Les douleurs latérales du coude peuvent également être causées par des lésions internes de l’articulation. Une plica peut être identifiée par palpation directe dans le «soft spot» ou par blocage lors du passage de la flexion/supination à l’extension/pronation. Une lésion cartilagineuse plus grossière ou une arthrose latérale, par ex. suite à une fracture de la tête radiale ou une in­stabilité de longue date, provoque un crépitement lors de l’extension du coude avec le poing fermé en pronation. Lors du test du rabot («grind test»), le coude est soumis à une contrainte axiale et est tourné sous pression. Les douleurs sont évocatrices d’une arthrose au sein de l’articulation latérale (sensibilité et spécificité non décrites).
L’ostéochondrite disséquante du capitellum revêt une pertinence particulière chez les enfants et les adolescents. Elle se caractérise par un défaut ostéo-cartilagineux idiopathique, qui est responsable d’une douleur sourde au niveau de la face latérale du coude. Des symptômes mécaniques, tels que des bruissements et des blocages, peuvent également survenir. Pour le diagnostic clinique, le coude est fléchi au maximum et une pression est directement exercée sur le capitellum avec le doigt. Le test est considéré comme positif en cas de reproduction des douleurs typiques.

Médiale

En cas de «coude du lanceur», l’articulation s’ouvre au niveau médial en raison d’une insuffisance ligamentaire interne, mais se referme du côté postéro-médial comme une bascule. Il en résulte un conflit postéro-médial qui, avec le temps, peut provoquer des douleurs, des lésions ostéochondrales et des altérations arthritiques avec ostéophytes. Ces ostéophytes peuvent par la suite causer une irritation du nerf ulnaire. Le coude du lanceur est évalué au moyen du test de contrainte en valgus (voir ci-dessus) et par une douleur à la pression directe au niveau de l’interligne articulaire postéro-médial.

Antérieure

La capsule antérieure du coude peut être distendue par une hyperextension répétitive ou irritée par d’autres processus pathologiques. Il en résulte une douleur ­profonde au milieu du coude. Une hyperextension du coude peut alors permettre de reproduire les symptômes.

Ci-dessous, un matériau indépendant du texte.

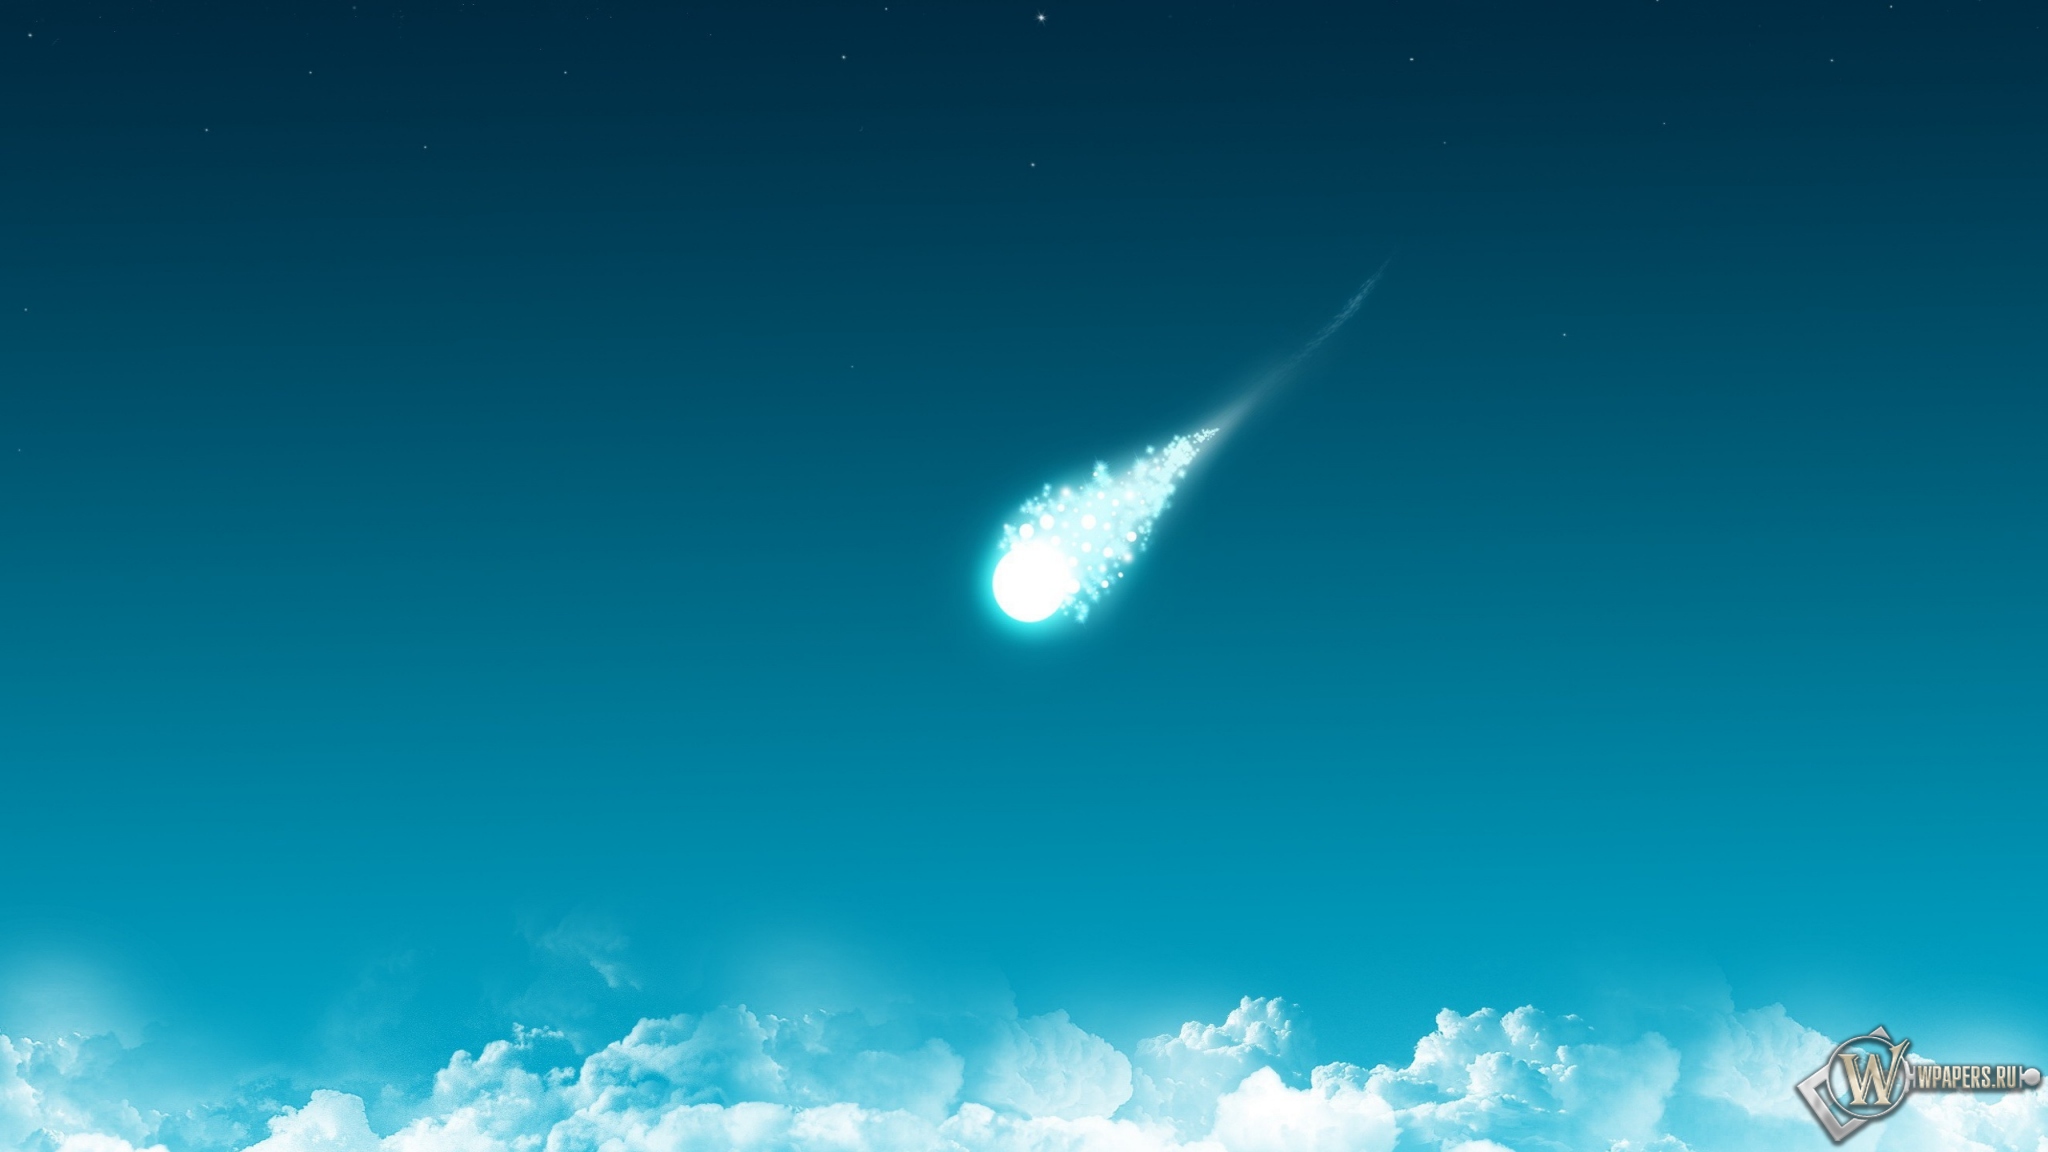 Комета 2048x1152

Evaluation de la fonction nerveuse

Pour l’évaluation fonctionnelle des trois grands nerfs de l’avant-bras, le «caillou, ciseaux, papier» est un test dont il est facile de se souvenir et qui est adapté pour évaluer le nerf médian (= caillou), le nerf ulnaire (= ciseaux) et le nerf radial (= papier) chez toutes les classes d’âge.

Médiale

Le nerf ulnaire passe derrière l’épicondyle médial et le long du bord ulnaire médial. Les symptômes sensoriels typiques incluent l’engourdissement et les picotements du petit doigt et de la moitié de l’annuaire. Ces symptômes peuvent être reproduits au test de Tinel par percussion (sensibilité de 70%, spécificité de 98%). La fonction motrice peut être évaluée au moyen du signe de Froment. Lors de ce test, le patient presse une feuille de papier avec le pouce sur son poing. L’examinateur tire sur la feuille de papier et observe le pouce. En cas de déficits moteurs au niveau du nerf ulnaire, le patient fléchit l’articulation interphalangienne du pouce afin de recruter les muscles innervés par le nerf médian en compensation de la faiblesse des muscles innervés par le nerf ulnaire. Ces déficits sensoriels et moteurs peuvent être dus à un rétrécissement, à une distension ou à un ressaut du nerf.
Un syndrome de compression au niveau du sillon du nerf ulnaire peut être testé par une flexion maximale du coude, qui est maintenue durant 30 secondes à 3 minutes; l’examinateur interroge le patient quant à la présence de troubles de la sensibilité ou de douleurs (sensibilité de 75%, spécificité de 99%). La distension résulte d’une insuffisance ligamentaire interne et est recherchée au moyen de l’anamnèse et du test de contrainte en valgus (voir ci-dessus). Lorsque le problème est dû à une instabilité du nerf, il est possible d’ apercevoirune corde saillante sous la peau lorsque le coude est fléchi entre 70° et 90°.

Latérale

Le syndrome du tunnel radial, qui se rencontre rarement dans la pratique clinique, correspond à la compression de la branche profonde du nerf radial. Le nerf passe à 3–5 cm de la face distale de l’épicondyle latéral et traverse le muscle supinateur, où il peut être évalué au moyen du test de Tinel. Les symptômes typiques peuvent également être reproduits par supination forcée contre résistance. Etant donné qu’il s’agit d’un nerf purement moteur, il ne donne pas lieu à des troubles sensoriels, comme c’est par ex. le cas lors d’une compression du nerf ulnaire, mais provoque des douleurs au niveau de la face latérale du coude et le long des extenseurs. Le dernier muscle dans le territoire d’innervation du nerf radial est le muscle extenseur de l’index, de sorte que l’extension de l’index est la première à devenir problématique et peut ainsi être utilisée comme test. Il convient de noter que cette branche nerveuse n’est pas myélinisée en totalité, et le test de la vitesse de conduction nerveuse peut dès lors être faussement négatif.

Antérieure

Au niveau du coude, le nerf médian peut être comprimé par ex. en cas de syndrome du rond pronateur. Il en résulte des déficits sensoriels typiques au niveau des trois et demi doigts innervés par le nerf médian, comme c’est également le cas dans le syndrome du canal carpien. En plus, il y a des douleurs le long de la face palmaire de l’avant-bras. En cas de déficit moteur du nerf médian, l’opposition du pouce et de l’index devient impossible, c.-à-d. que le patient ne peut plus faire le signe «OK» avec ses doigts (sensibilité de 75%, spécificité de 47%). La compression du nerf médian au niveau du coude est testée par reproduction des symptômes lors de la pronation contre résistance.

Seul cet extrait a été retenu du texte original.